B. The Pertinent Provisions of FIRREA

1. The Claims Process

FIRREA requires the FDIC, when it is appointed as the receiver, to pay the obligations of failed depository institutions.   Subdivision (d)(2)(H) provides the FDIC “as ․ receiver, shall pay all valid obligations of the insured depository institution in accordance with the prescriptions and limitations of this chapter.”   Subdivision (d)(3)(A) states that the FDIC may “as receiver, determine claims in accordance with this subsection and regulations provided under [subdivision (d) ] (4)(A).”   Once the FDIC is appointed as a receiver, it has a duty to notify the failed depository institution's creditors “on the institution's books” with a notice to file claims.  (Subdivision (d)(3)(B) & (C).)

FIRREA also sets forth the possible avenues of the FDIC in responding to an institution's alleged creditors' claims.   To begin with, FIRREA sets a time limit for a decision by the FDIC on a claim.   There is a 180–day limit.   Additionally, there is a 90–day time limit for deciding whether to allow  claims which is referred to in FIRREA as an “expedited” procedure.   As will be noted later, the 90–day limit, subject to several other limitations, applies to situations where a security interest is at issue.   Under the non-expedited procedure, all claims must be determined within 180 days of the filing of the claim (subdivision (d)(5)(A)(i)) unless the claimant and the FDIC agree to extend that time period.  (Subdivision (d)(5)(A)(ii).)   As an alternative to the 180–day claims resolution process, FIRREA also required the FDIC to establish “a procedure for expedited relief outside of the routine claims process established under” subdivision (d)(5)(A).  (Subdivision (d)(8)(A).)   If the expedited procedure is used, within the 90 days after the claim has been filed, the FDIC must:  allow or disallow the claims;  require, if appropriate, the utilization of the 180–day time period;  and notify the claimant of its decision and “the procedure for obtaining agency review․”  (Subd. (d)(8)(B)(ii).)
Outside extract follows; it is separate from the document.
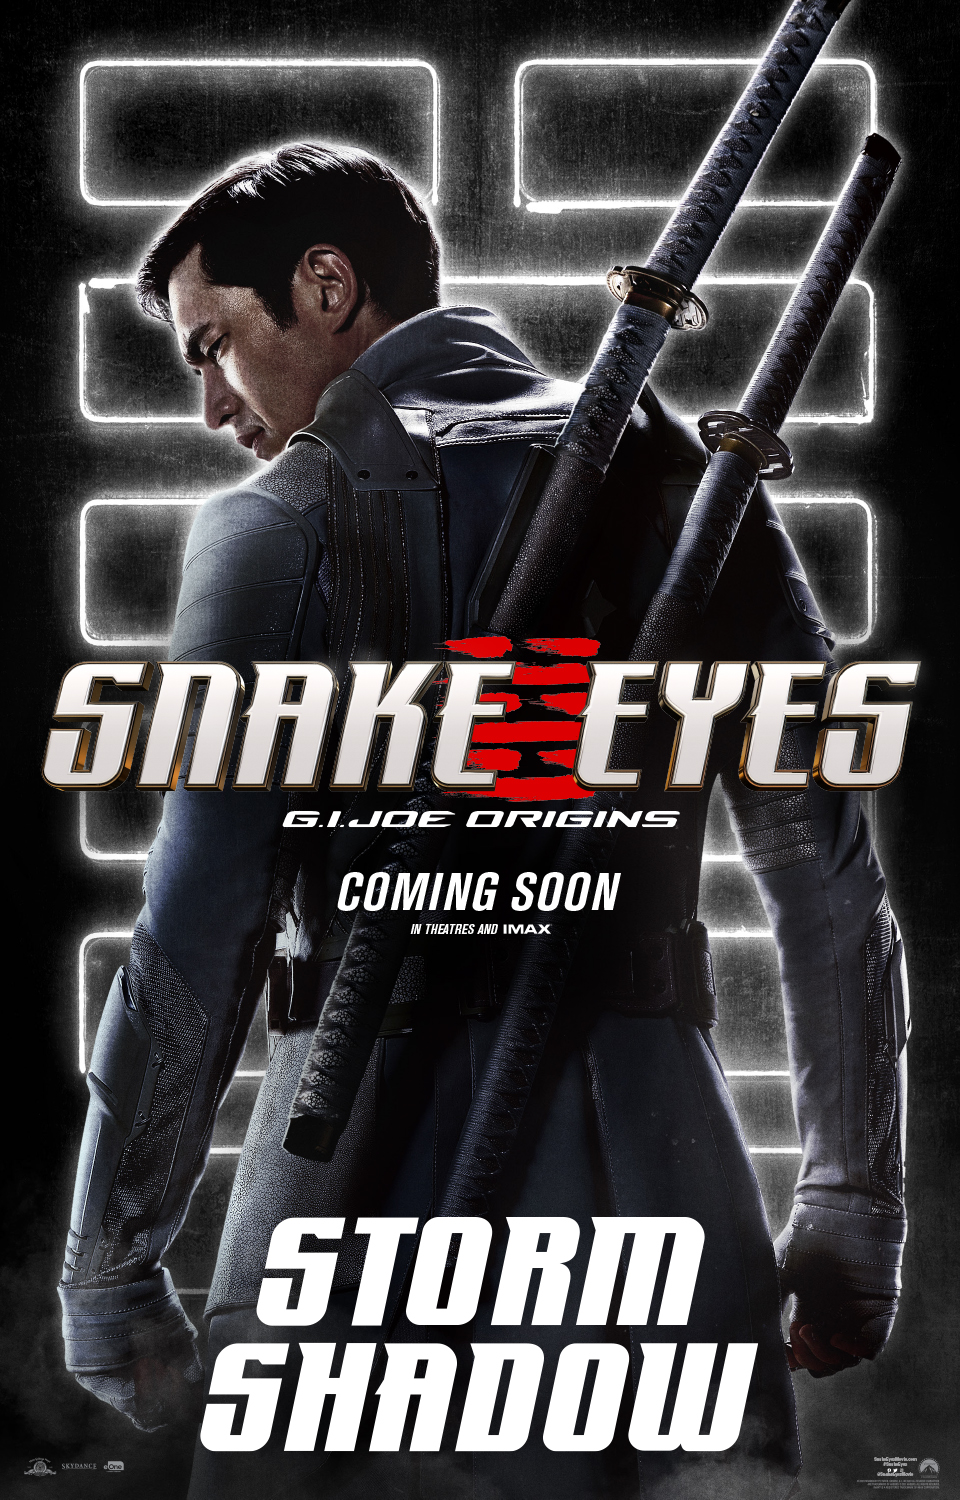 Bom tấn hành động Snakes Eyes: G.I.Joe Origins hé lộ tạo hình nhân vật của trai đẹp Henry Golding và dàn ninja cực ngầu - Ảnh 2.

 Regardless of whether the 180–day or 90–day procedure is used, the receiver is to allow any claim “which is proved to the satisfaction of the receiver.”  (Subd. (d)(5)(B).)   On the other hand, the FDIC is to disallow untimely claims, subject to certain exceptions (subdivision (d)(5)(C)) and any claim “which is not proved to the satisfaction of the receiver.”  (Subd. (d)(5)(D).)   There is no judicial review of a claim which the FDIC finds “not proved to the satisfaction of the receiver” within the meaning of subdivision (d)(5)(D).  (Subd. (d)(5)(E).)   In other words, if the FDIC disallows the claim, that determination may not be corrected by a court.   Rather, the judicial determination is made de novo as to whether the FDIC must pay money on behalf of the failed depository institution.   Courts do not “review [the] administrative disallowance of the claim.”  (Brady Development Company v. Resolution Trust Corporation (4th Cir.1994) 14 F.3d 998, 1003;  Bank of New England, N.A. v. Callahan (D.N.H.1991) 758 F.Supp. 61, 63;  Resolution Trust v. Beauchamp Constr. (Fla.App.1993) 615 So.2d 247, 249.)
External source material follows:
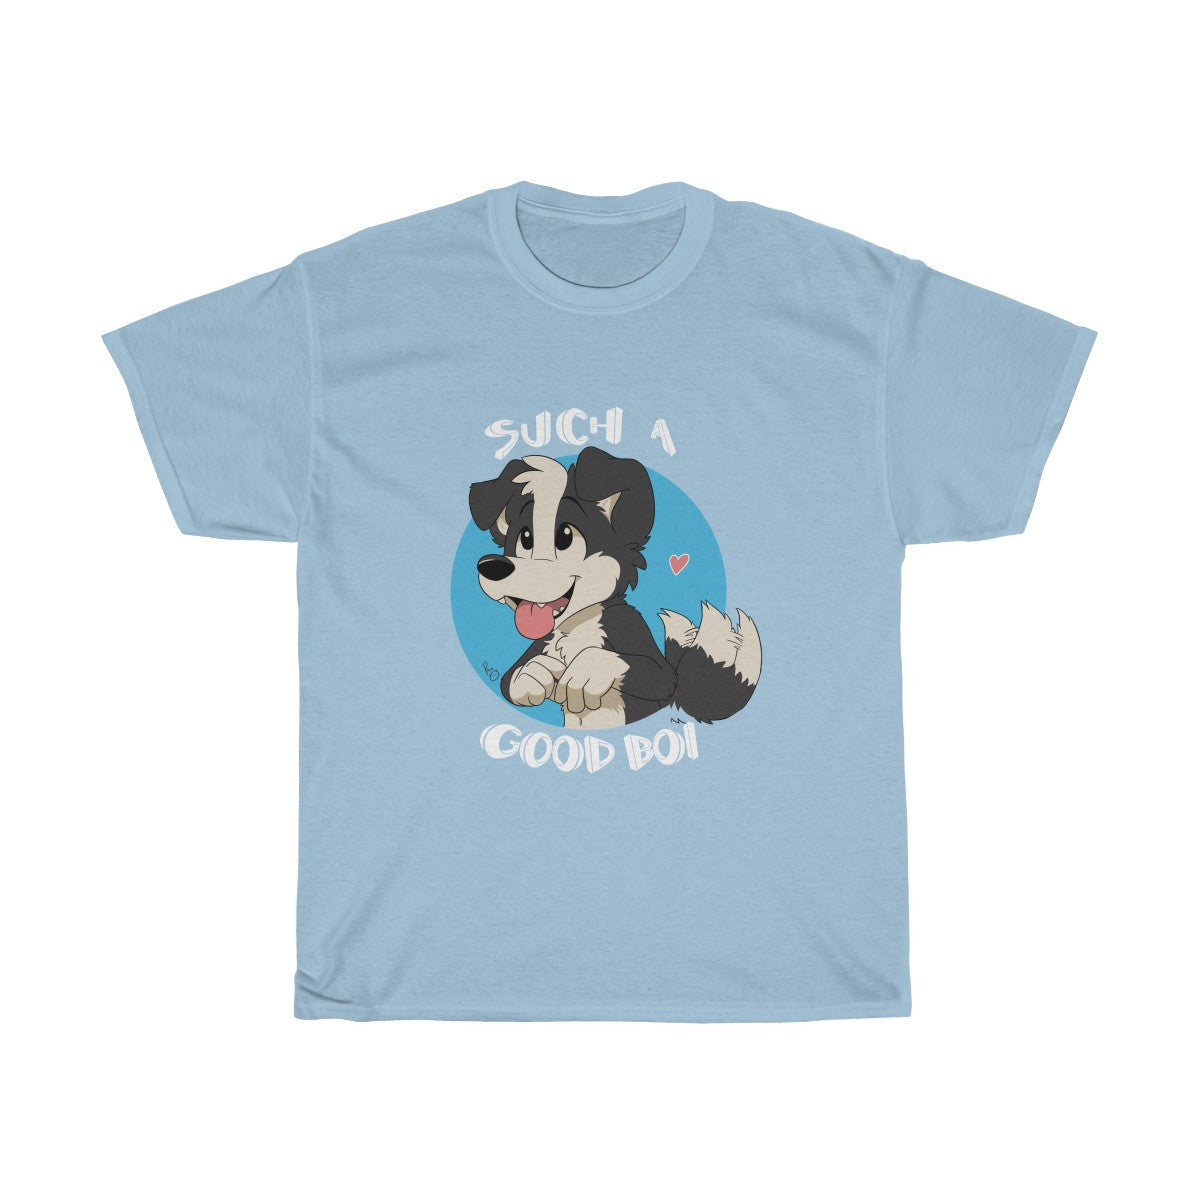 Such a Good Boy - T-Shirt T-Shirt Paco Panda Light Blue S

2. The Effect of the Claims Procedure on Existing Lawsuits

 In addition to describing how the FDIC is to respond to a claim by a purported creditor, FIRREA sets forth the legal effect of the filing of a claim in two respects as to both the 180–day and 90–day resolution processes.   As to the normal 180–day review process, if no suit has yet been filed, the applicable statute of limitations is tolled.   Subdivision (d)(5)(F)(i) states:  “(i) Statute of Limitations tolled  [¶] For purposes of any applicable statute of limitations, the filing of a claim with the receiver shall constitute a commencement of an action.”   Quite obviously, in any case where suit has been filed before the FDIC is appointed as the receiver, such as the present one, the tolling of the statute of limitations is irrelevant.   However, the next  provision of FIRREA addresses what happens when suit was filed before the appointment of the FDIC as a receiver.   Subdivision (d)(5)(F)(ii) provides as follows in pertinent part:  “(ii) No prejudice to other actions  [¶] Subject to [subdivision (d)(12) ], the filing of a claim with the receiver shall not prejudice any right of the claimant to continue any action which was filed before the appointment of the receiver.”  (Italics added.)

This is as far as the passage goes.